Towards optimum query segmentation: in doubt without

  • Authors:
  • Matthias Hagen;Martin Potthast;Anna Beyer;Benno Stein

  • Affiliations:
  • Bauhaus-Universität Weimar, Weimar, Germany;Bauhaus-Universität Weimar, Weimar, Germany;Bauhaus-Universität Weimar, Weimar, Germany;Bauhaus-Universität Weimar, Weimar, Germany

  • Venue:
  • Proceedings of the 21st ACM international conference on Information and knowledge management
  • Year:
  • 2012

Quantified Score

Hi-index 0.00

Visualization

Abstract

Query segmentation is the problem of identifying those keywords in a query, which together form compound concepts or phrases like "new york times". Such segments can help a search engine to better interpret a user's intents and to tailor the search results more appropriately. Our contributions to this problem are threefold. (1) We conduct the first large-scale study of human segmentation behavior based on more than 500000 segmentations. (2) We show that the traditionally applied segmentation accuracy measures are not appropriate for such large-scale corpora and introduce new, more robust measures. (3) We develop a new query segmentation approach with the basic idea that, in cases of doubt, it is often better to (partially) leave queries without any segmentation.

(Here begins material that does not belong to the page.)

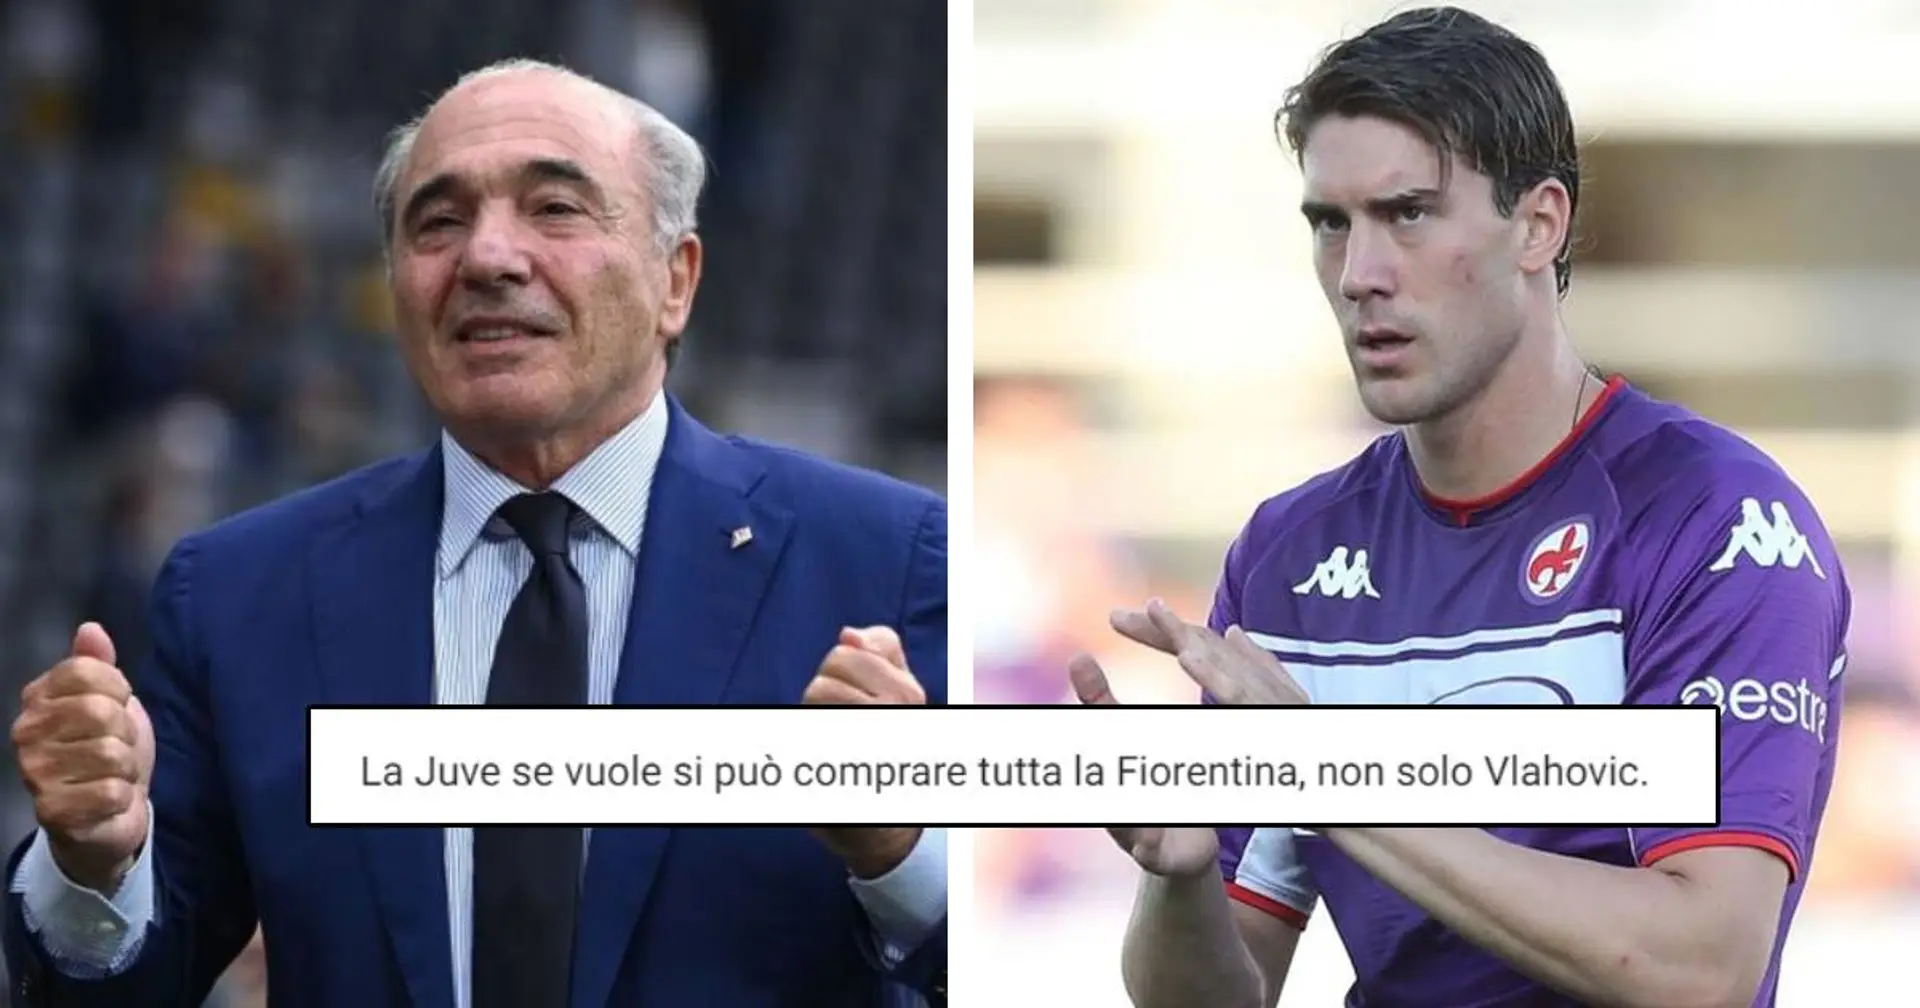 "Sei terrorizzato che la Juventus prenda Vlahovic", i tifosi bianconeri rispondono a Commisso

This new in-doubt-without approach chooses different segmentation strategies depending on query types. A large-scale evaluation shows substantial improvement upon the state of the art in terms of segmentation accuracy. To draw a complete picture, we also evaluate the impact of segmentation strategies on retrieval performance in a TREC setting. It turns out that more accurate segmentation not necessarily yields better retrieval performance. Based on this insight, we propose an in-doubt-without variant which achieves the best retrieval performance despite leaving many queries unsegmented. But there is still room for improvement: the optimum segmentation strategy which always chooses the segmentation that maximizes retrieval performance, significantly outperforms all other tested approaches.